Or was it, he wondered, merely his reduced capacity to feel such emotions as horror and terror that made the future seem so promising? Might he, in fact, be better off as a gibbering wreck, consumed from within by mindworms, his very consciousness reduced to immaterial dust?

The invisible sun was climbing behind the cloud-sheet. Eventually, it began to rain. The drops seemed tropically large, but when they splashed on his chin and his cheeks the liquid explosions were more pleasurable than painful, and the moisture was welcome. The shower didn’t last long. When it stopped the cloud was much lighter and thinner. Rapid shadows occasionally fluttered across Tremeloe’s face, but no bats or birds came close to him. The eagles patrolling the sky were drifting lazily in slow circles.

“I know that you never expected to be here,” Tremeloe said to his companion, “and that you’d rather be snug and warm in Pnakotus, dreaming of one day becoming a beetle, but this really isn’t as bad as all that, is it?”

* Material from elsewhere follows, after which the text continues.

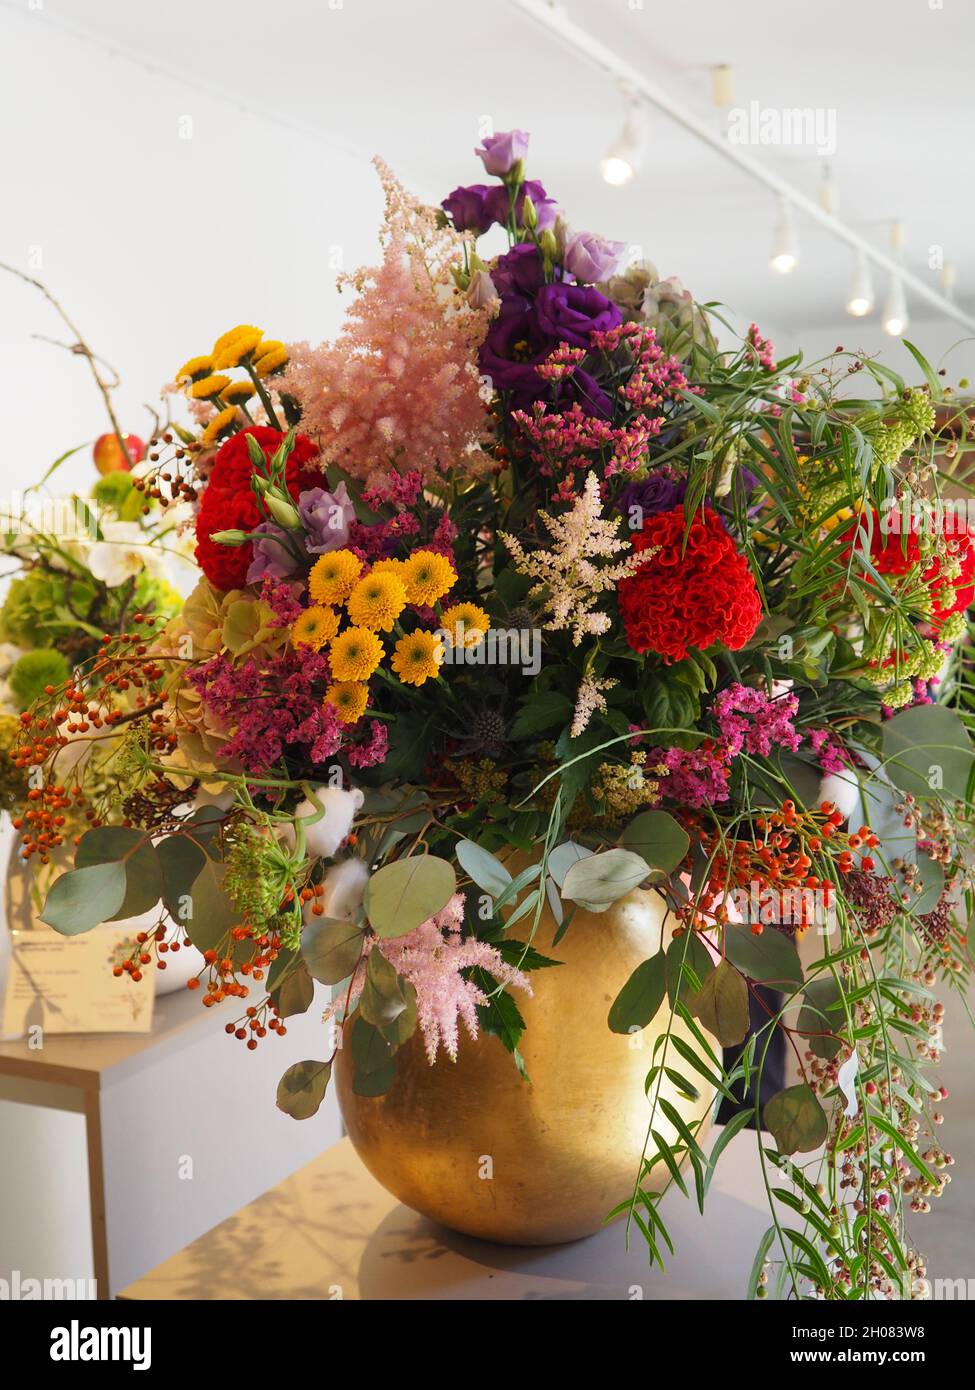 Closeup shot of various flowers in vases Stock Photo

“I don’t know,” the other replied, “and not knowing is something that my kind aren’t used to. I shouldn’t be here. I’ve borrowed humanity in the past, for research purposes, but I’m not human. I wasn’t designed for this. It’s not my fate. You’re a prisoner of time, so you can’t begin to understand how Yithians think, any more than I can begin to imagine how Cthulhu and the star-spawn might think, but believe me when I say that this is wrong.”

Tremeloe did believe him, after a fashion, but he couldn’t sympathize. If all the silly rumors about Nathaniel Wingate Peaslee were actually true, and the professor’s body really had been taken over by an alien time-traveler for several years way back in the 1900s, then the alien time-travelers in question evidently didn’t observe the principle of informed consent, and could hardly complain if the tables were turned on them. They had poked their noses into human affairs, and had no right to bleat that they were only reporters, not creators, as if that somehow let them off the moral hook. except, of course, that the human world had moved beyond good and evil now, into an era when morality no longer had hooks, or claws, or censorious staring eyes.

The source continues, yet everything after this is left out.